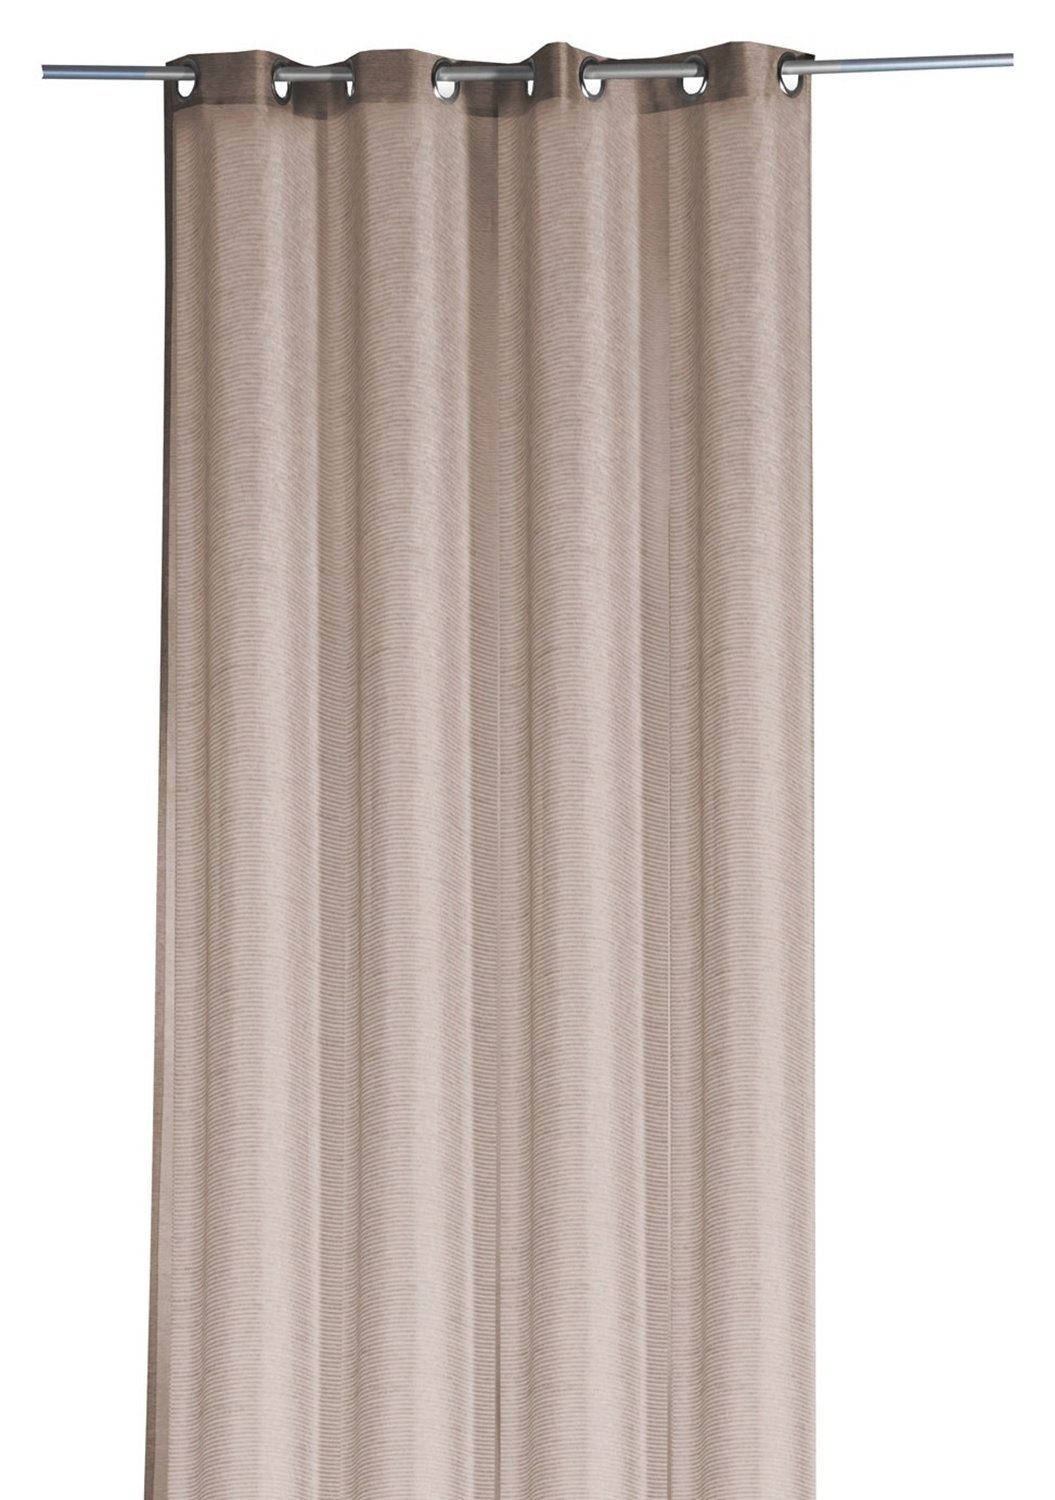 Vorhang SANDY, Ösenschal, Braun, L 135 cm, B 245 x cm Ösen, halbtransparent
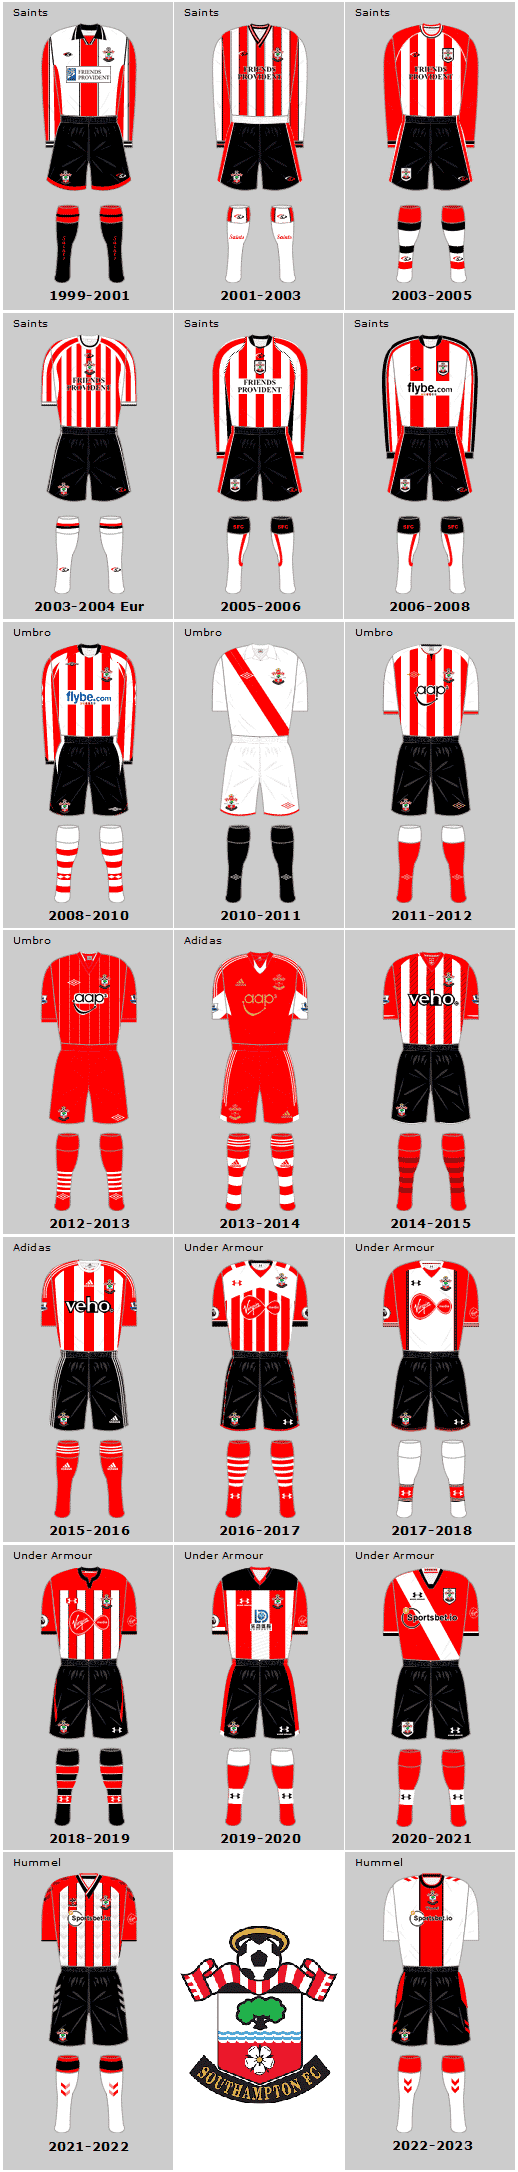 Southampton FC 21st Century Home Playing Kits
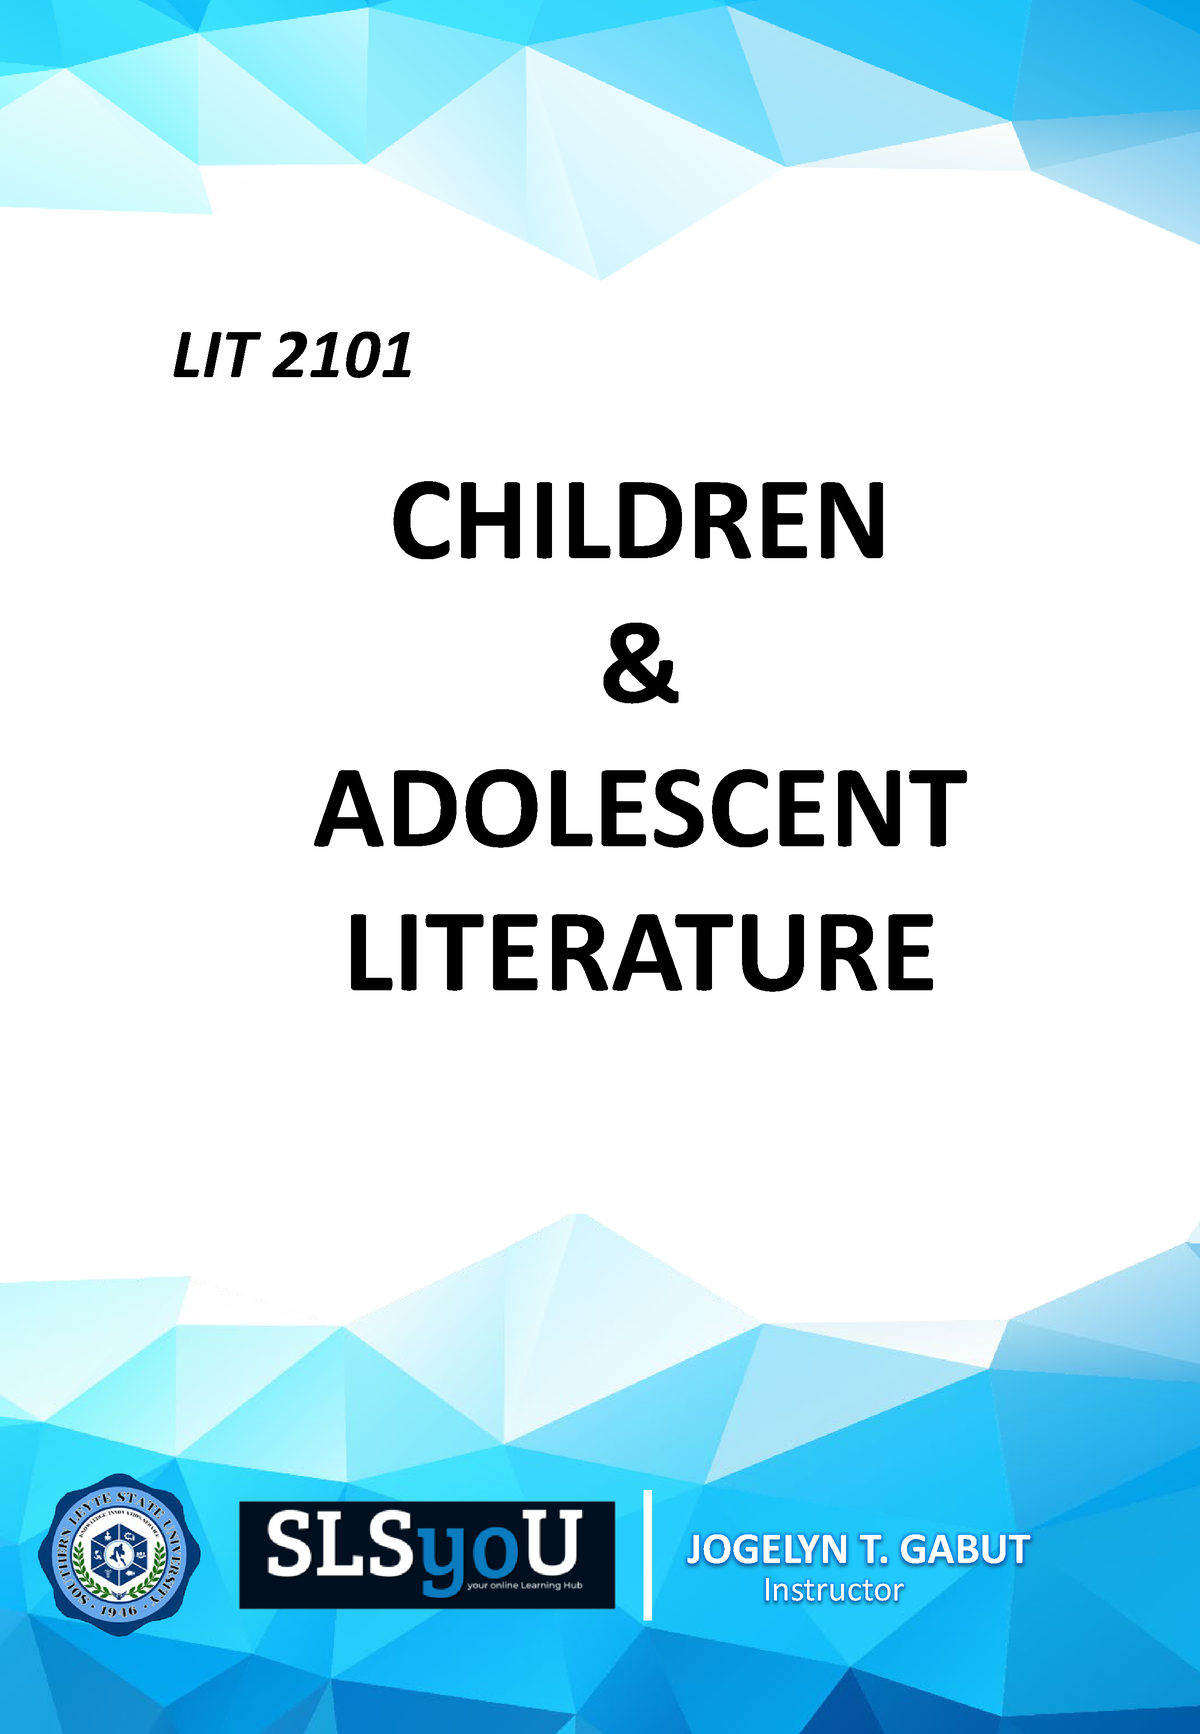 thesis on children's literature pdf
------------------------------------------------
= WHAT YOU NEED TO DO =
Apart from the pictures, the material above has to be repeated exactly.

= OUTPUT OF THE TASK =
 Vorhang SANDY, Ösenschal, Braun, L 135 cm, B 245 x cm Ösen, halbtransparent
 Southampton FC 21st Century Home Playing Kits
 thesis on children's literature pdf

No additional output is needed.